Beauty, generosity — and pollution

Over the course of his journey, China does unfold with spectacular beauty and generosity. But the simple joy he experiences in meeting people and visiting shrines becomes complicated by the gruesomely polluted country. The dolphins of the Yangtze River are gone; the sky darkened and birds silenced by a thick, sickening cloud of pollution. First reveling in kindred spirits, the traveler ends his trip longing for clean air.

“I was jerked back into the world. It is an absolute global calamity. It may be too late, but I am determined to do what I can, through writing, through protesting, through education, through making changes, to fight climate change. We have got to change this if we can,” he says. “My former profession has done a terrible job of communicating how desperate things already are. I’ve been covering environmental topics since 1988, and the science has gone in only one direction, while public understanding has gone from decent to deplorable. I am in grief over what I say.”

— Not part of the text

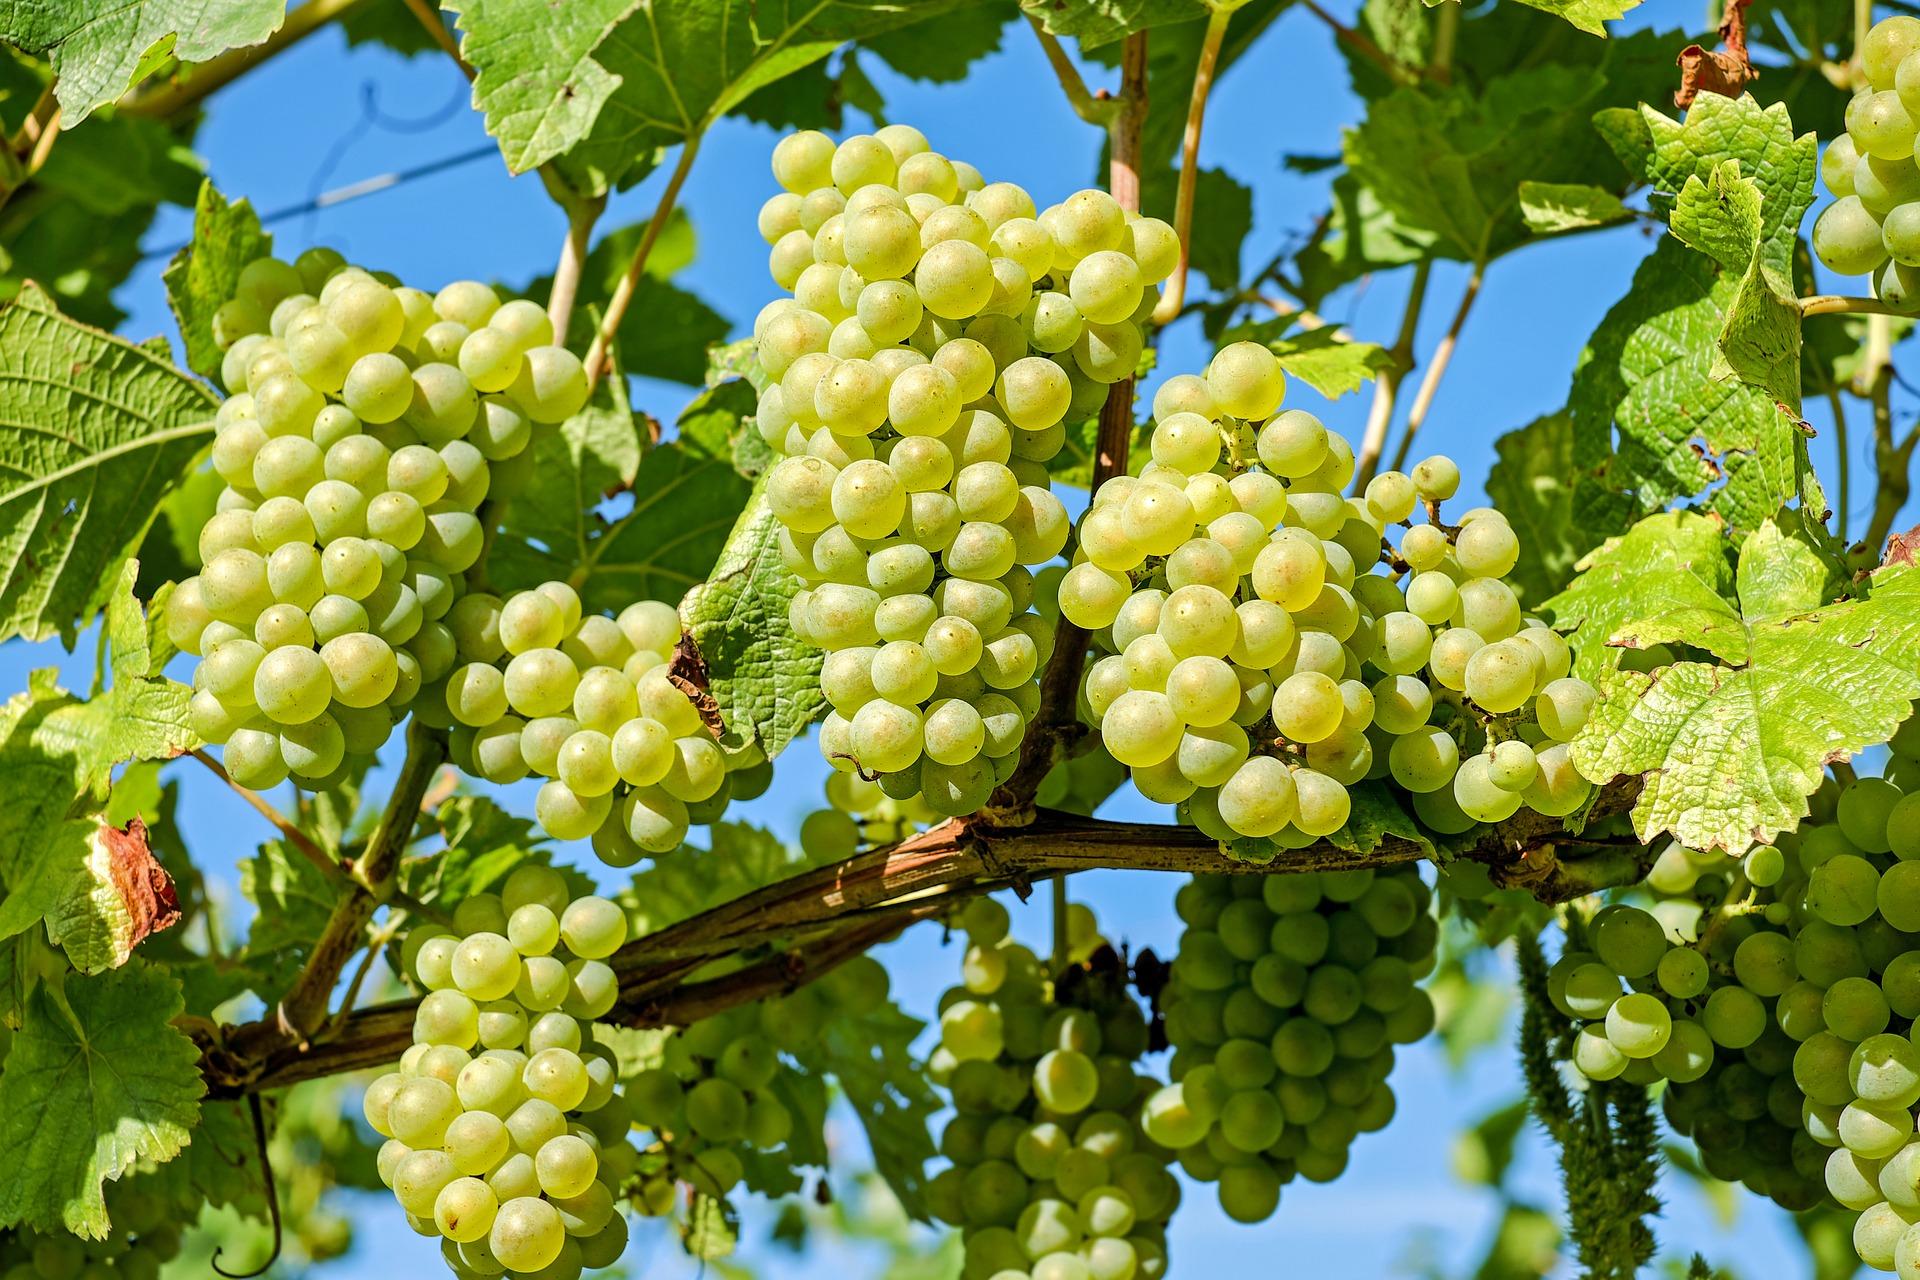 grapes-2656259-1920.jpg

Lenfestey’s pilgrimage to China helped him sort out his understanding of his work, and brought him closer to a fellow poet from the past. But what he came back with was an imperative to think about the poets of the future and the world — not just the words — we will leave for them.

Events

Join the Conversation

2 Comments

  1. Thanks for the Review

    Thanks so much for this helpful review of Jim’s book. It sounds great.

    I had no idea about how popular poetry has been and would love to see it come back.

    I also appreciated your tying in China’s climate and Jim’s long-term commitment to addressing environmental challenges and climate change.

    With Appreciation and Sustainability,
    Terry Gips

  2. One of 17,500…

    Sounds like one fascinating book.

    …and yes as one in the audience at the Williams Arena way back then, hearing my poet/hero at that time in the readings by T.S. Eliot.

    It was something special; rare indeed.

    I am borrowing respectfully, and hopefully assuming the generosity of Mr.Eliot; still around in the remembering one could say …”I grow old, I grow old” ‘I wear the bottoms of my eyelids rolled’.